Generative Adversarial Networks (GANs)
Generative Adversarial Networks (GANs) were introduced in 2014 by Ian Goodfellow and colleagues in their seminal paper "Generative Adversarial Networks". GANs take inspiration from game theory to train two neural networks that compete against each other in a minimax game. The key intuition behind GANs is to frame the generative model as an adversarial game between two players:
- Generator: Creates fake data to fool the discriminator.
- Discriminator: Tries to distinguish between real and fake data.
As training progresses, the generator gets better at creating realistic fake data, while the discriminator improves at detecting fakes. This adversarial process pushes both networks to improve until the generated data is indistinguishable from real data. The connection to game theory comes from framing this as a two-player minimax game, where the discriminator tries to maximize its ability to detect fakes, while the generator tries to minimize the discriminator's success. At equilibrium, the generator produces data indistinguishable from real data.
GANs also relate to reinforcement learning (RL) in that the generator can be viewed as an agent trying to maximize its reward (fooling the discriminator). Some GAN variants, like SeqGAN, explicitly use RL techniques to train the generator.
Transformers
Transformers were introduced in 2017 by Vaswani et al. in their influential paper "Attention Is All You Need". The key innovation of Transformers is the use of self-attention mechanisms to process sequential data, allowing the model to dynamically focus on relevant parts of the input when producing each element of the output. They are not so different from VAEs, as transformers also have an encoder and a decoder, with the main difference being the attention mechanism.
The intuition behind Transformers and their attention mechanism can be understood through these key points:
- Self-Attention: Allows the model to weigh the importance of different parts of the input data dynamically.
- Parallel Processing: Enables efficient handling of long-range dependencies in sequential data.
Transformers have become the foundation for many state-of-the-art models in natural language processing, including BERT, GPT, and T5. Their ability to handle long-range dependencies and parallel processing has made them particularly effective for tasks involving language understanding and generation.

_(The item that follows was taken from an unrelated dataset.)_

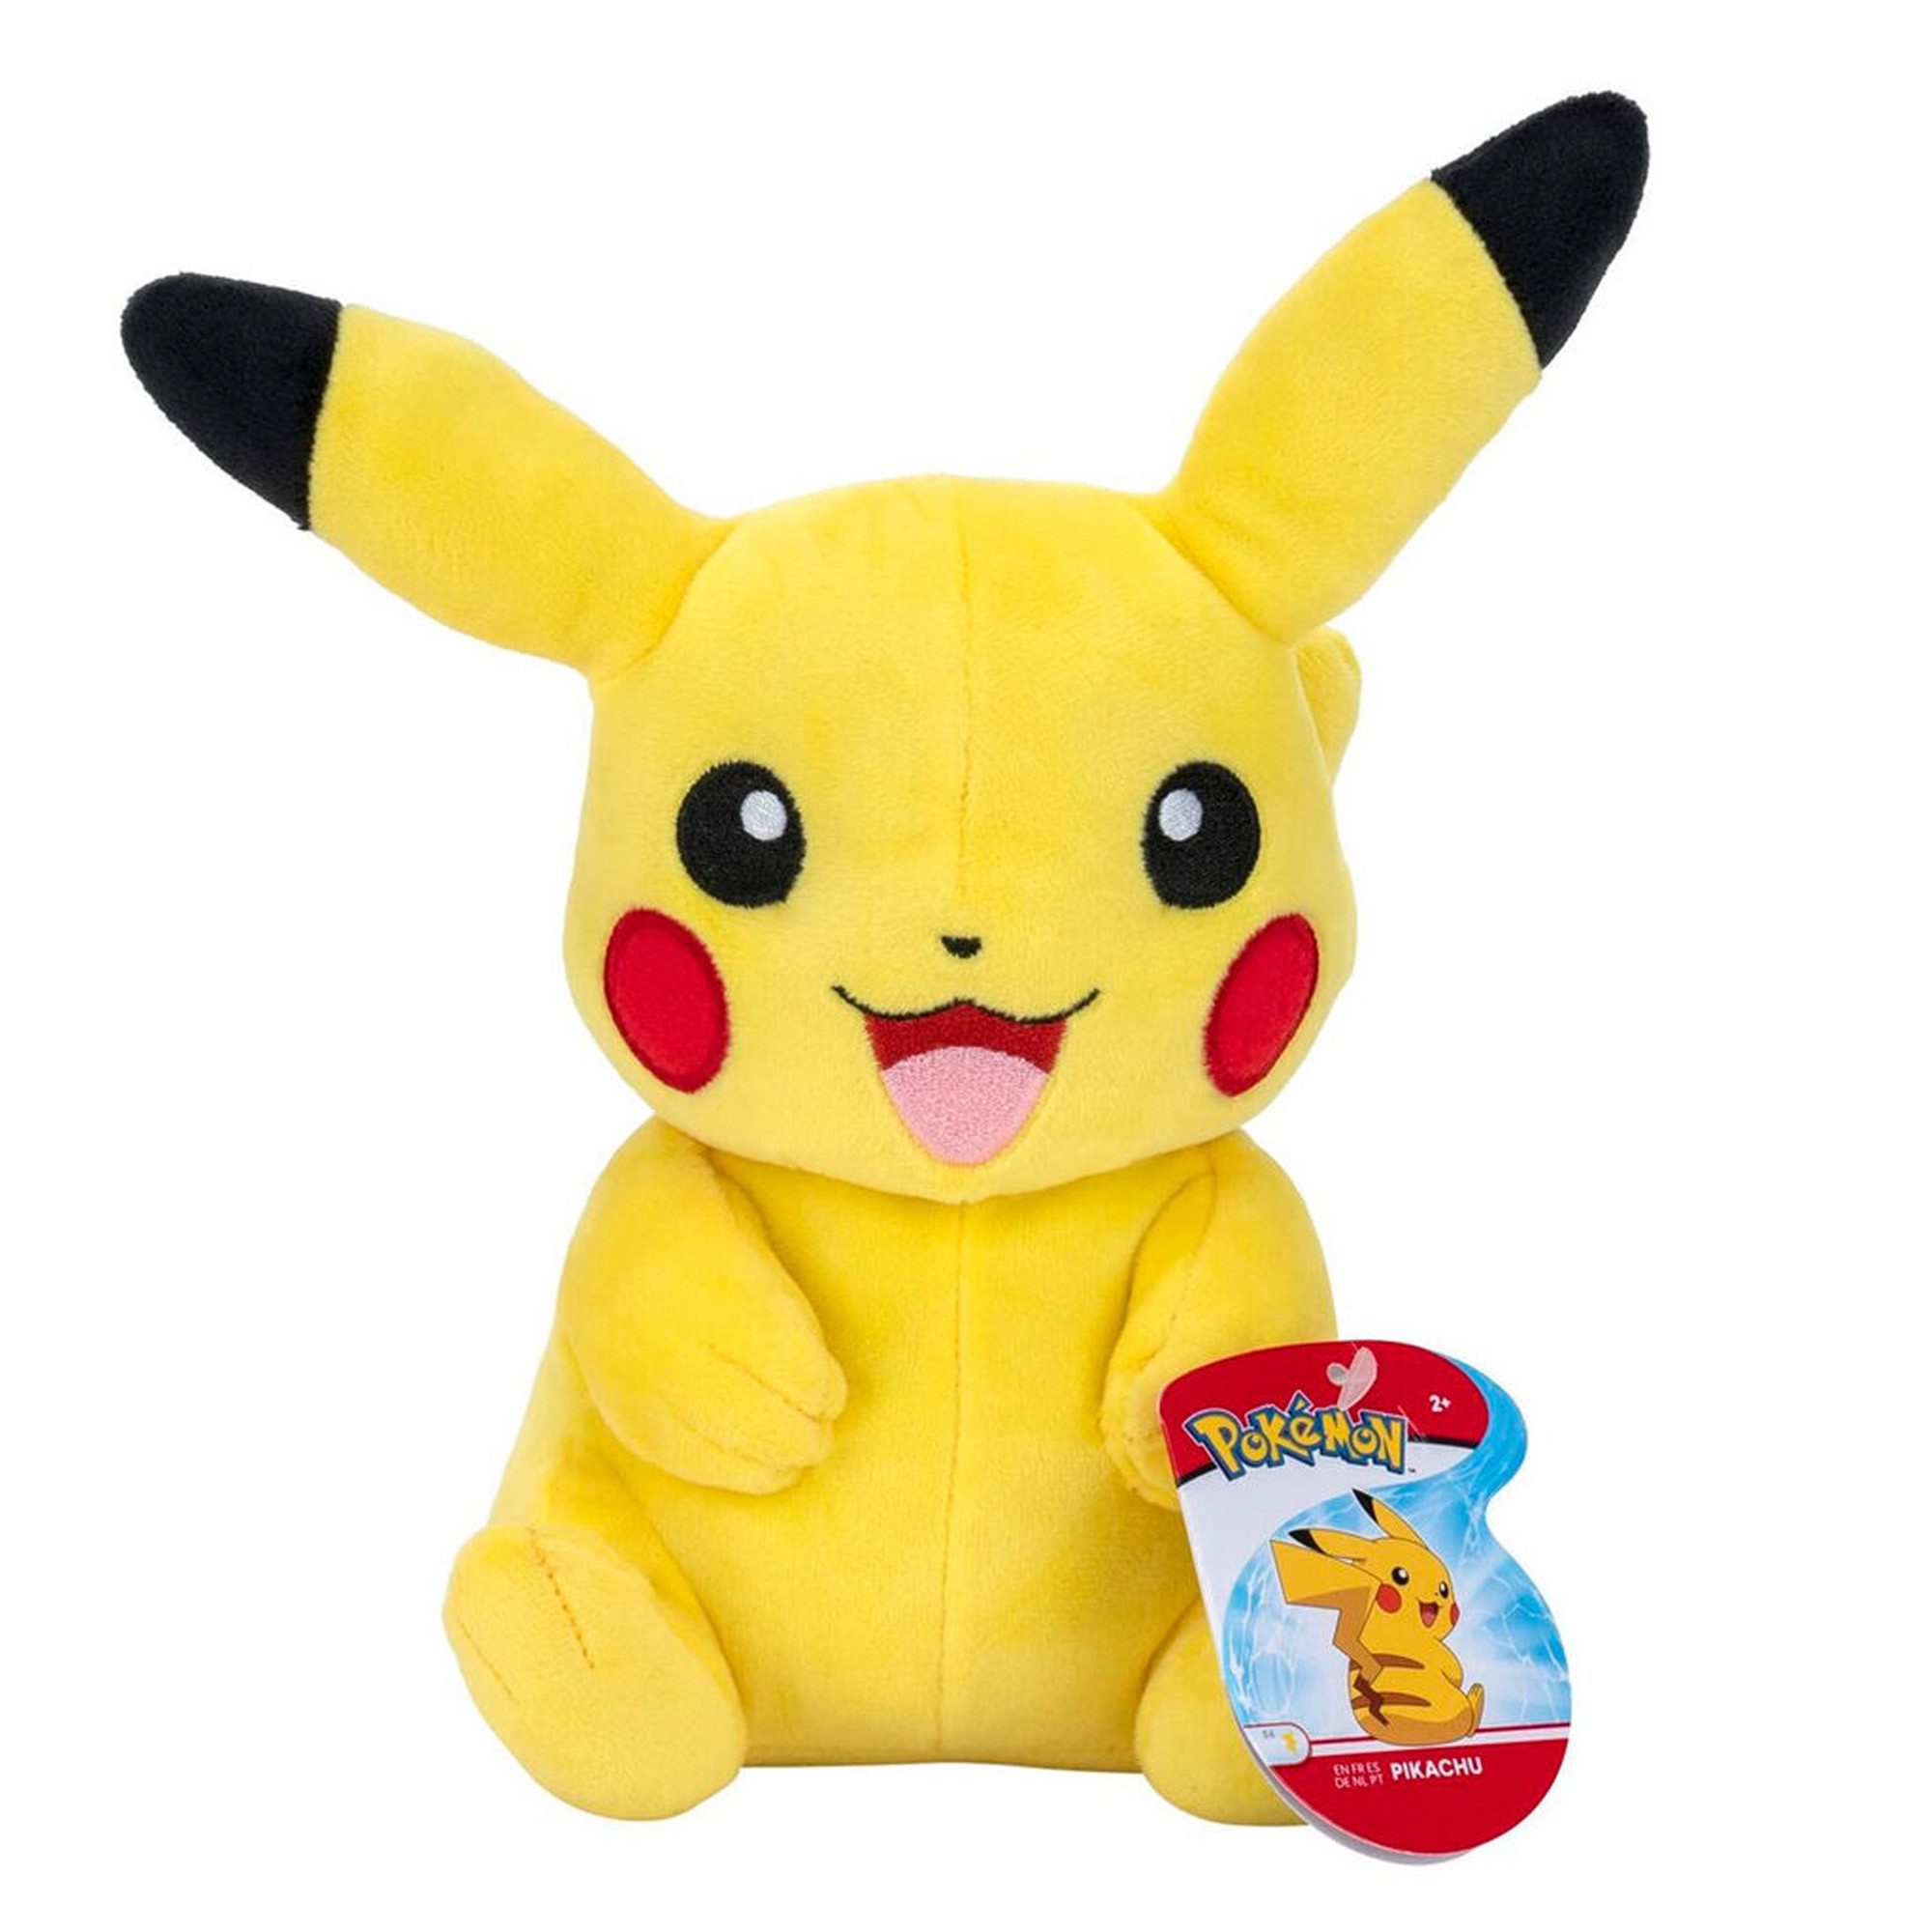 Jazwares Plüschfigur Pikachu sitzend (20 cm) - Pokémon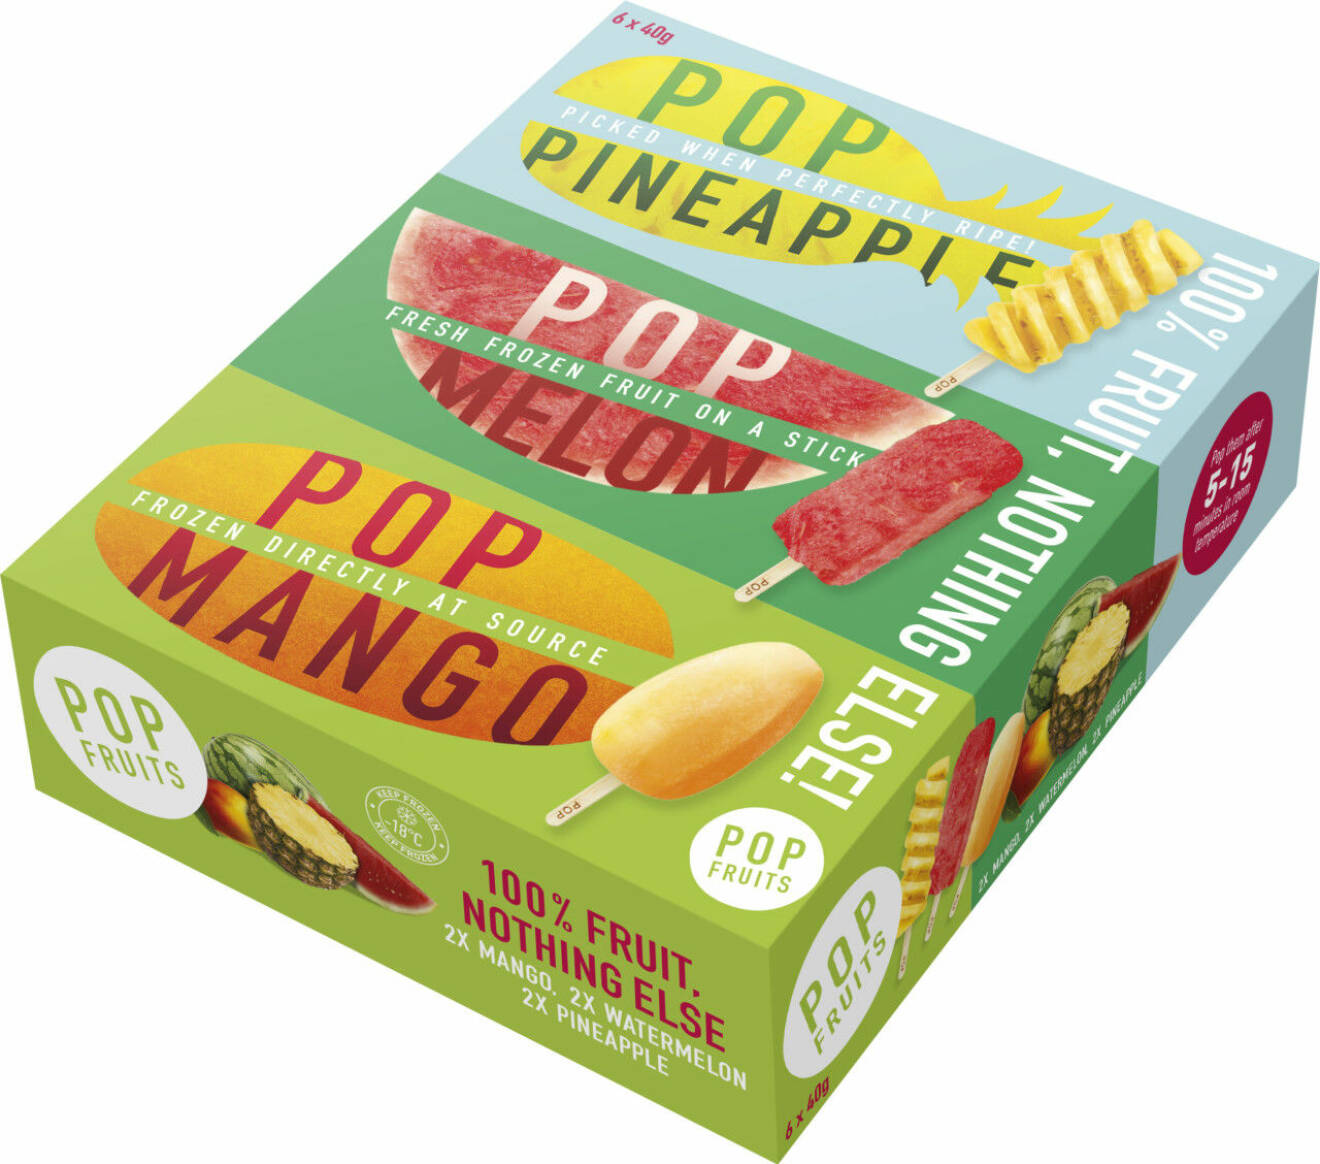 pop fruits paket

Transformers and attention mechanisms got a lot of coverage, below are some great resources:
- The Illustrated Transformer by Jay Alammar - An excellent visual guide to understanding Transformers
- The Annotated Transformer - A line-by-line implementation of the Transformer model
- Attention? Attention! by Lilian Weng - A comprehensive overview of attention mechanisms
Several large language models (LLMs) published since 2020 are based on the transformers architecture (many are decoders only) using the attention mechanism we discussed. Among the four model families discussed, it's interesting to see the intuition researchers took from other domains such as thermodynamics (for diffusion models) or game theory (for GANs).
Applying this expert knowledge of existing scientific discoveries in the model creation process has enabled researchers to leapfrog performance on several tasks, let's see what next approach brings an order of magnitude improvement to the existing literature.